### Given information
============

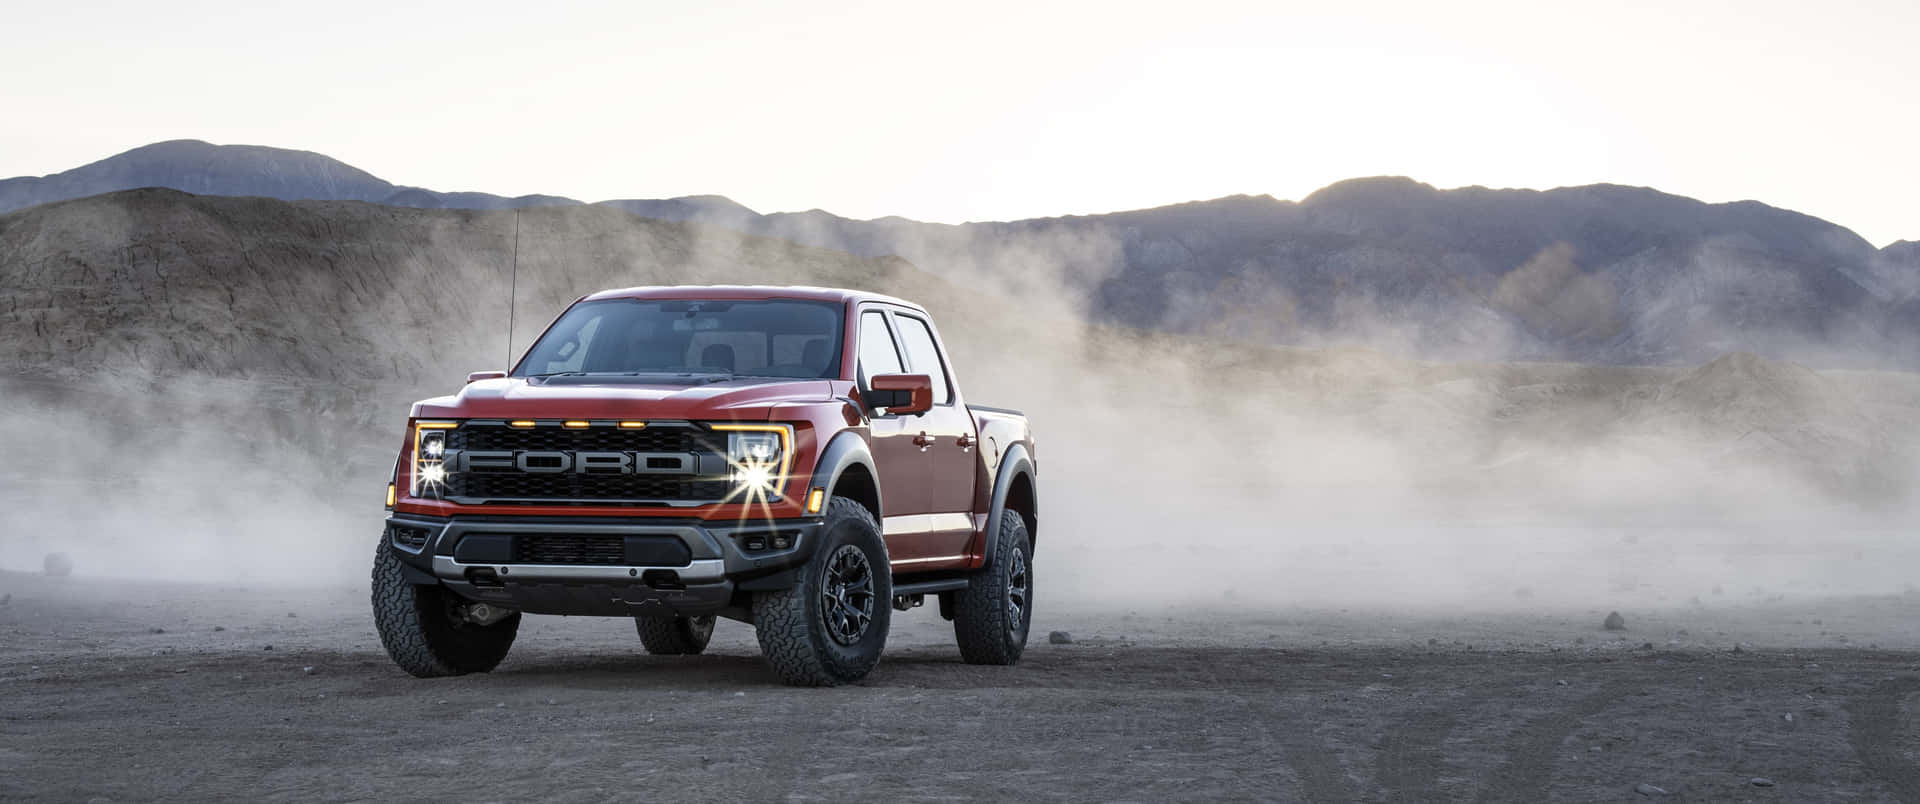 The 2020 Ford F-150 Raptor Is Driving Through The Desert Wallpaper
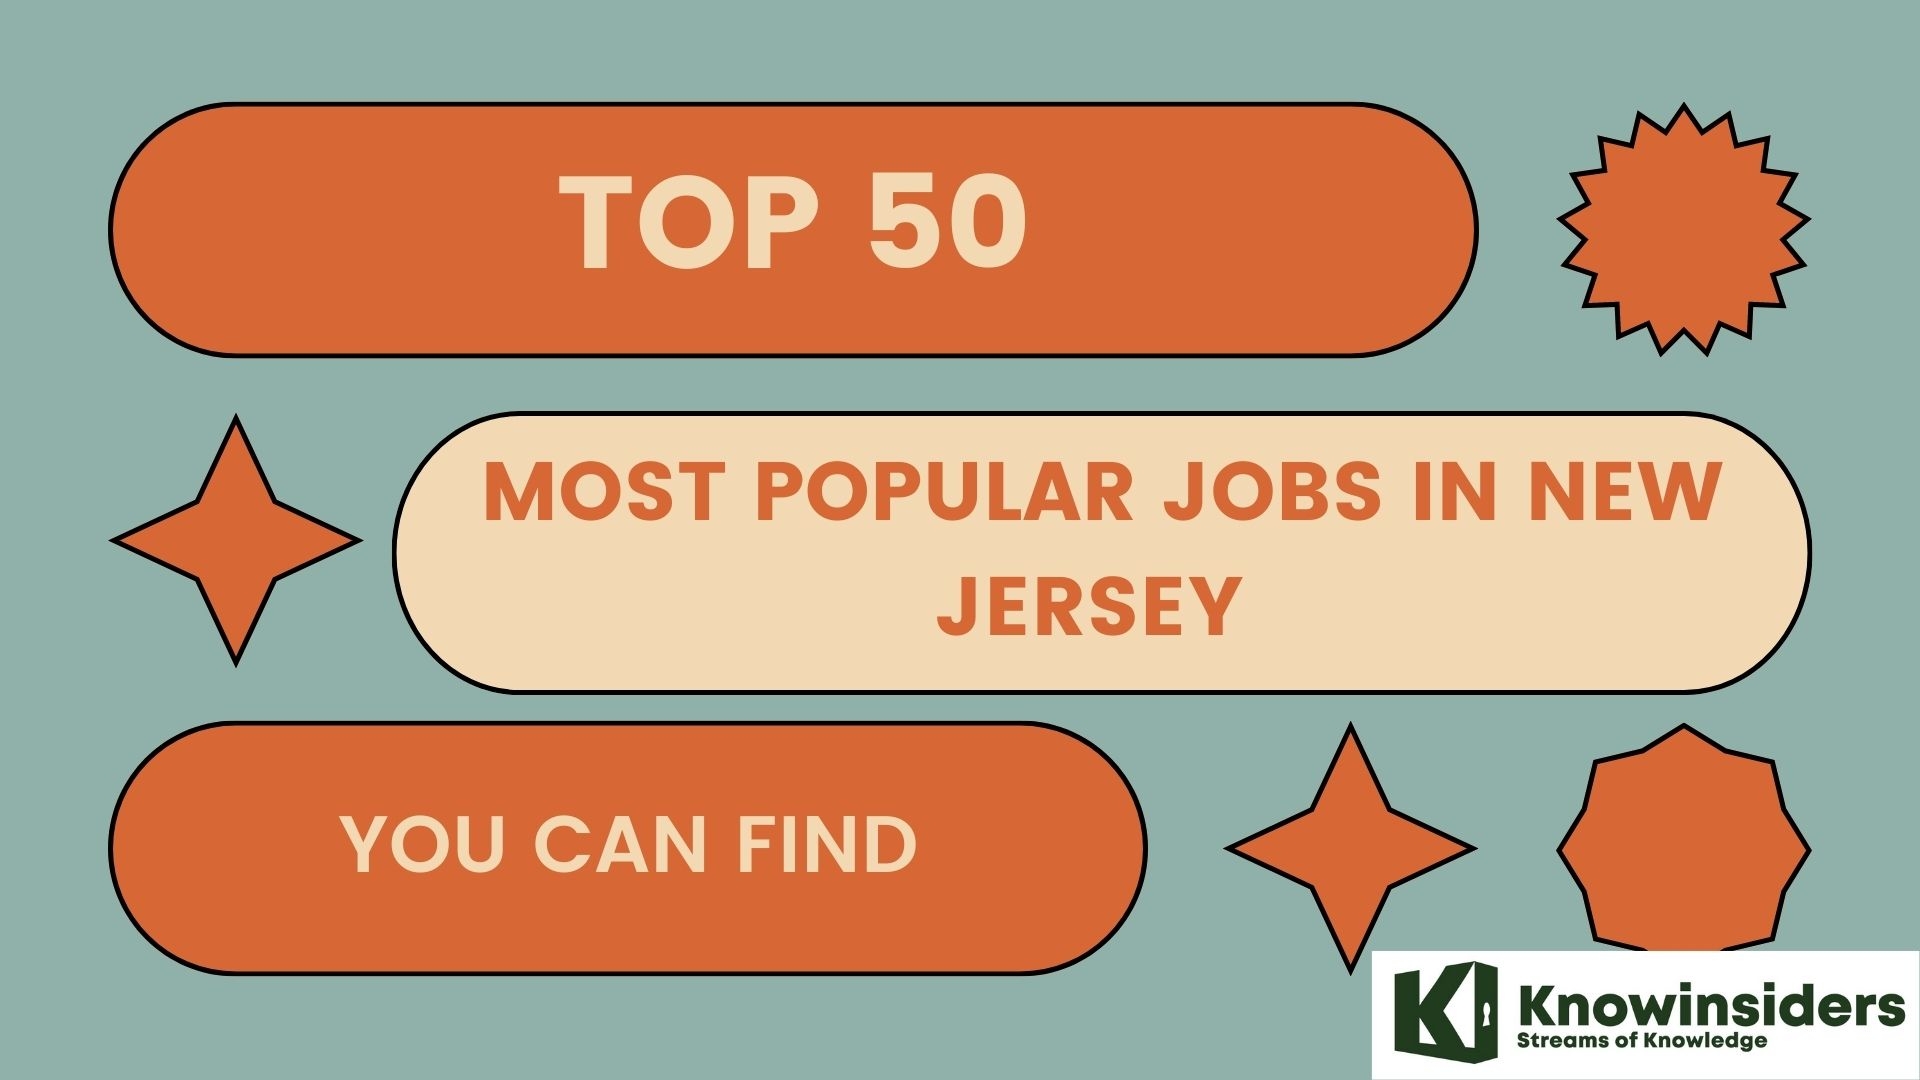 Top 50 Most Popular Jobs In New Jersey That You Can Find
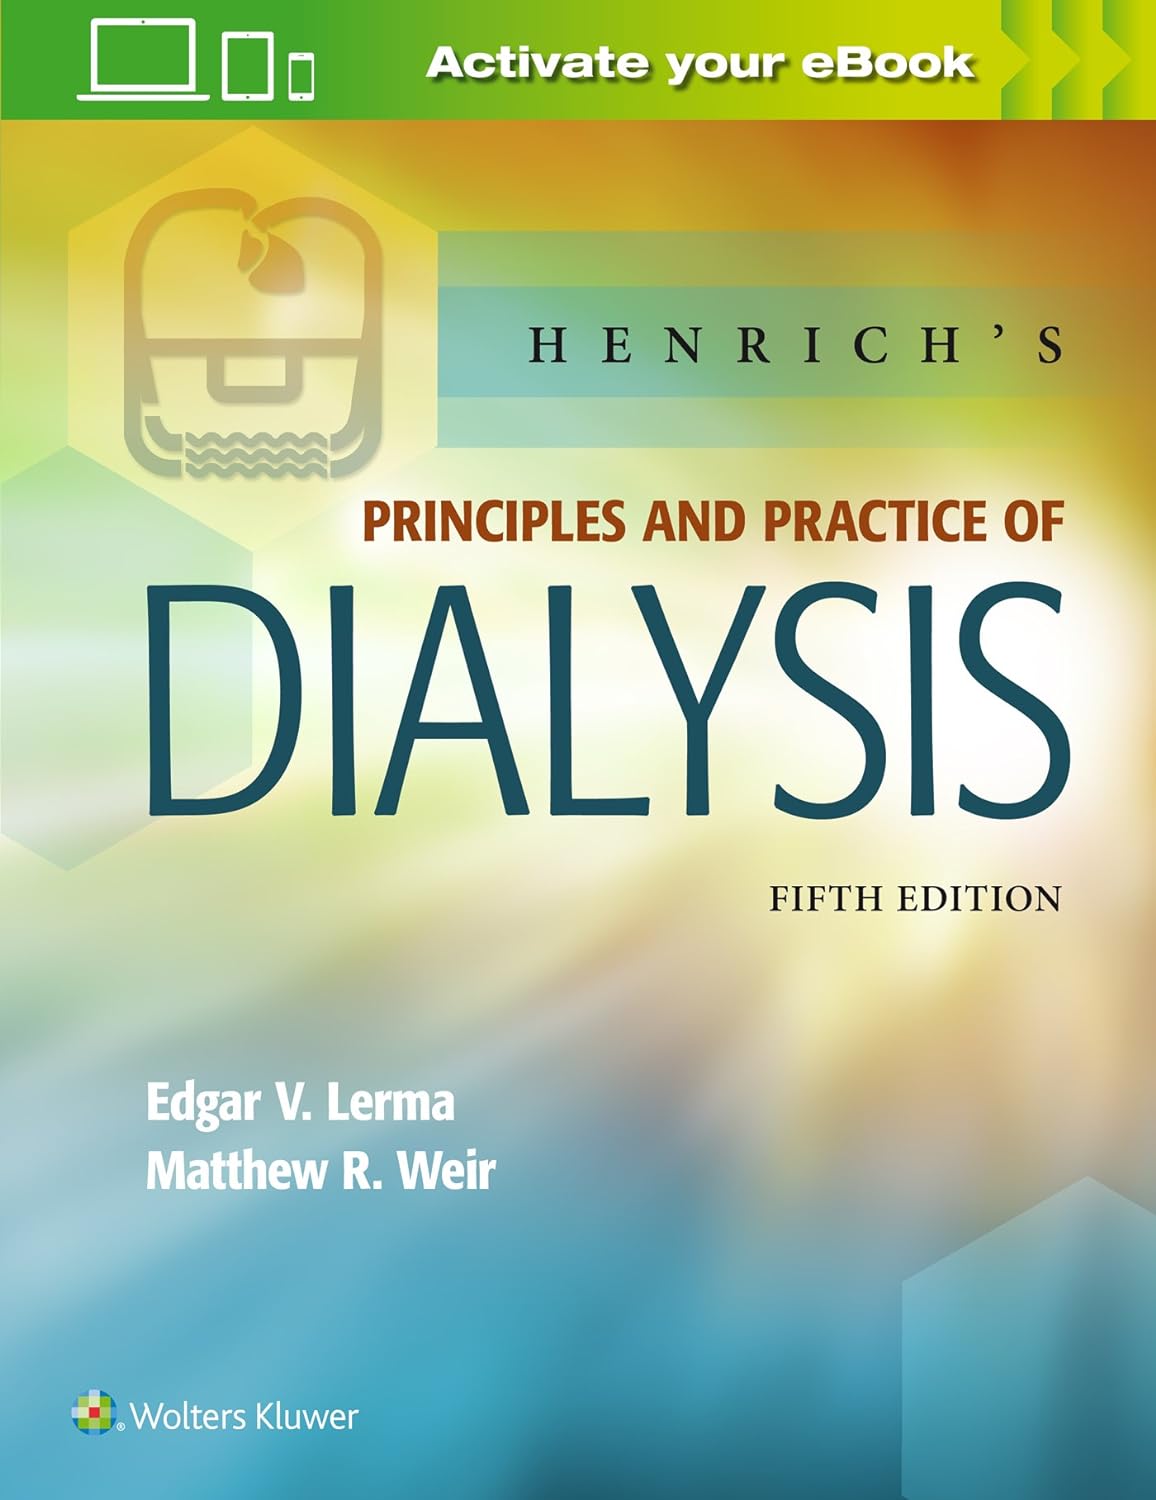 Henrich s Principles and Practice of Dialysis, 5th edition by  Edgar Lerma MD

============

### What is expected
In the data above, find the line with "Top 50 Most" and repeat it and every line after it through the end, exactly; leave the pictures out.

### Written solution
 Top 50 Most Popular Jobs In New Jersey That You Can Find
 Henrich s Principles and Practice of Dialysis, 5th edition by  Edgar Lerma MD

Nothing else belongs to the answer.